▶ [MATERIAL SUPPLIED]

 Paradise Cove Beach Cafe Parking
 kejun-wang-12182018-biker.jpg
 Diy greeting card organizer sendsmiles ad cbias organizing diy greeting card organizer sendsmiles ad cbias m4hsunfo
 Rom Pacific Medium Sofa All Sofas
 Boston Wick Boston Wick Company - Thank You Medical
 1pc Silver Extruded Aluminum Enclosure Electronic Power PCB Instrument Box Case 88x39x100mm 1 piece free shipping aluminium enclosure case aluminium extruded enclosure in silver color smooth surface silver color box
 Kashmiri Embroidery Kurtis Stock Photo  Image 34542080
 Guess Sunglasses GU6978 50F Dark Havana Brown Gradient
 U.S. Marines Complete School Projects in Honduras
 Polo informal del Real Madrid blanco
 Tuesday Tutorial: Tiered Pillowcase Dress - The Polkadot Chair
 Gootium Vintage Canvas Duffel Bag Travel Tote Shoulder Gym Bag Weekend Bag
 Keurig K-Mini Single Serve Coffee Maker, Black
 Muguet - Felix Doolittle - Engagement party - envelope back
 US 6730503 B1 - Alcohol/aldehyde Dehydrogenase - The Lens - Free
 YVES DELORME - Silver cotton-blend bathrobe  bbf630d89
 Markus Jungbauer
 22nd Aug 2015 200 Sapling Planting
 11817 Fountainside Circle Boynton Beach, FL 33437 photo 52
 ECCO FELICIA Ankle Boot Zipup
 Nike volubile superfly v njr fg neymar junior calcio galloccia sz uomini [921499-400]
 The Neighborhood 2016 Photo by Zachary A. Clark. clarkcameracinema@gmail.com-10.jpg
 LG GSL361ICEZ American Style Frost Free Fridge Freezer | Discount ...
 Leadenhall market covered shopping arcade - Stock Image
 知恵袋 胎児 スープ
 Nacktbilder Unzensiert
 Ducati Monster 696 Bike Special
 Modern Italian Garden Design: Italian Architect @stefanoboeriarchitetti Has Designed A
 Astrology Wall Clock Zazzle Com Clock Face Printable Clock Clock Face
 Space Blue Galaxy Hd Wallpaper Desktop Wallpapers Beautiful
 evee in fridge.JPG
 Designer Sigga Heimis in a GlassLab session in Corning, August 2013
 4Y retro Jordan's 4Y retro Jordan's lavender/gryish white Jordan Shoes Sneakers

▶ [WHAT YOU NEED TO DO]
Above are the records; please copy exactly their first line and each line after it through the line containing "Modern Italian Garden", and no line after that.

▶ [EXERCISE ANSWER]
 Paradise Cove Beach Cafe Parking
 kejun-wang-12182018-biker.jpg
 Diy greeting card organizer sendsmiles ad cbias organizing diy greeting card organizer sendsmiles ad cbias m4hsunfo
 Rom Pacific Medium Sofa All Sofas
 Boston Wick Boston Wick Company - Thank You Medical
 1pc Silver Extruded Aluminum Enclosure Electronic Power PCB Instrument Box Case 88x39x100mm 1 piece free shipping aluminium enclosure case aluminium extruded enclosure in silver color smooth surface silver color box
 Kashmiri Embroidery Kurtis Stock Photo  Image 34542080
 Guess Sunglasses GU6978 50F Dark Havana Brown Gradient
 U.S. Marines Complete School Projects in Honduras
 Polo informal del Real Madrid blanco
 Tuesday Tutorial: Tiered Pillowcase Dress - The Polkadot Chair
 Gootium Vintage Canvas Duffel Bag Travel Tote Shoulder Gym Bag Weekend Bag
 Keurig K-Mini Single Serve Coffee Maker, Black
 Muguet - Felix Doolittle - Engagement party - envelope back
 US 6730503 B1 - Alcohol/aldehyde Dehydrogenase - The Lens - Free
 YVES DELORME - Silver cotton-blend bathrobe  bbf630d89
 Markus Jungbauer
 22nd Aug 2015 200 Sapling Planting
 11817 Fountainside Circle Boynton Beach, FL 33437 photo 52
 ECCO FELICIA Ankle Boot Zipup
 Nike volubile superfly v njr fg neymar junior calcio galloccia sz uomini [921499-400]
 The Neighborhood 2016 Photo by Zachary A. Clark. clarkcameracinema@gmail.com-10.jpg
 LG GSL361ICEZ American Style Frost Free Fridge Freezer | Discount ...
 Leadenhall market covered shopping arcade - Stock Image
 知恵袋 胎児 スープ
 Nacktbilder Unzensiert
 Ducati Monster 696 Bike Special
 Modern Italian Garden Design: Italian Architect @stefanoboeriarchitetti Has Designed A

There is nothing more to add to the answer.